The sensations you feel don't start with subtleties. First you mostly feel itches, pains, the feeling of clothing touching you, the ground, etc. But as you continue, you work down to the level of feeling all parts of your body deeply.

The teacher likens the retreat to a, ‘surgery for the mind.’ You cut deep into yourself and begin to remove what causes your mind’s reactionary tendencies to give you a new sense of freedom. The schedule seems brutal, with 10 hours of sitting meditation dispersed through the day, but as the days go by, it gets easier to get into the flow and enjoy the sitting sessions.

Every night, there is a video talk by the meditation instructor who developed the Vipassana method, S.N. Goenka. I was expecting the talks to be dull and just about meditating, but Goenka conveys impactful information through his use of humor and examples to drive points home and to help the listener understand beyond his language. Each talk is about the meditation technique up to that point, experiences you may be having, and insights that the technique reveal.

Goenka mentions towards the beginning that people find some days more difficult than others. I found this true both times I've attended a Vipassana retreat. The first 3 days aren't too bad, but then comes day 4. Day 4 you go from doing Anapana (breath-based) meditation, into the actual Vipassana technique.

The 3 previous days of Anapana allow you to deeply feel bodily sensations. First, all you can feel is your breath, then slowly you start to feel things like micro air currents, ever-so-subtle sensations around your nose and upper lips, even down to the sensation of blood flow. Getting to this level of body awareness in Anapana is key for later Vipassana, which brings that awareness to your entire body.

What does it mean to feel each part of your body so deeply? It’s almost as if you can pinpoint down to a cell on your body and feel sensation within or energy flowing through. Goenka makes the connection that the subconscious isn't just our underlying thoughts and anxieties creeping up into our awareness from time to time, but rather it is all the simultanious processing of the body as well.

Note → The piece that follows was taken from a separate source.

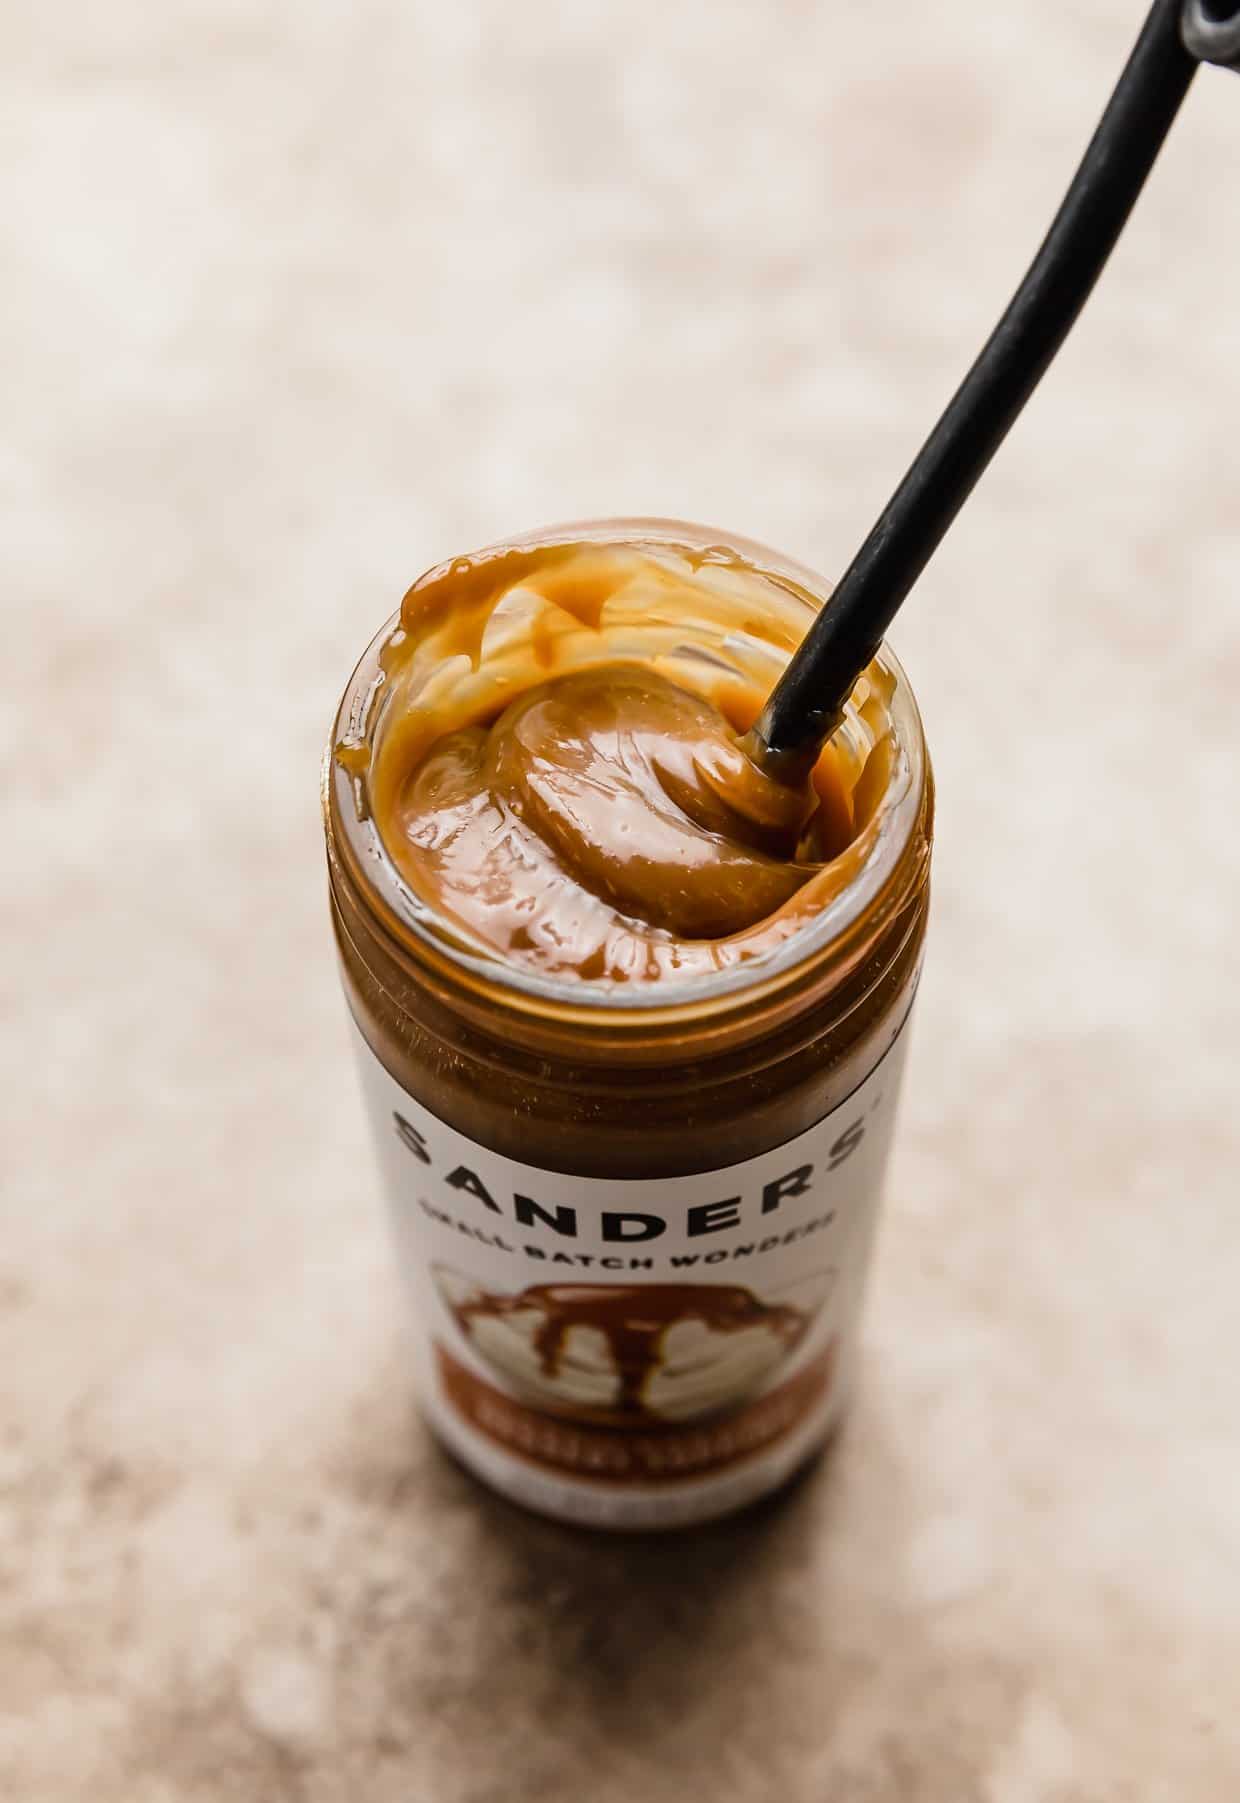 A jar of sanders caramel with a spoon in the caramel.

Think of your breath. It’s not an entirely conscious or subconscious process, since you continue to take in and expel oxygen even when you’re not aware of it. The technique shows just how connected the mind is to each part of your body and how much even a slight discomfort in one area can really affect us and change the nature of our minds.

The goal is to be able to look at all sensations with an equanimous mind, that is, to feel the sensations without the attachment of liking any sensations, or aversion of any sensations. This can be extremely difficult, especially when facing an itch on your nose that just won't seem to dissipate for a whole sit.

I had a lot of difficulty with this for times at both retreats, as does everyone else who attends. The key is to not judge yourself for not being able to feel sensations as much as you'd like or not have an equanimous mind. Judgement drives a thought-loop that will keep you totally unfocused on meditation and into feelings of frustration and annoyance.

Dealing With ‘Sankaras’

Sometimes these sensations come up in the form of deep pain in parts of your body. In my first retreat, on day five I started experiencing explosive-feeling pain in my left knee no matter how I sat. The pain culminated to a point where I had to ask the teacher for a chair, or that I may have to go home because of how unbearable it felt.

The retreat doesn't preach a dogma or philosophy to follow and therefore is suitable for anyone of any religious or non-religious affiliation. Goenka says you don't have to, nor should you, agree with or believe anything that you haven't experienced for yourself and know from experience to be true. That said, as you begin to experience what he speaks of, then you can reconsider what he said as having merit.

The teacher told me that as you do these meditation techniques, you find 'sankaras' in your body. These are sensations of all varieties, from pain, to pleasure, to itching, that are held in your body through your life from not internally dealing with issues, or any kind of clinging or aversion to sensations in the mind.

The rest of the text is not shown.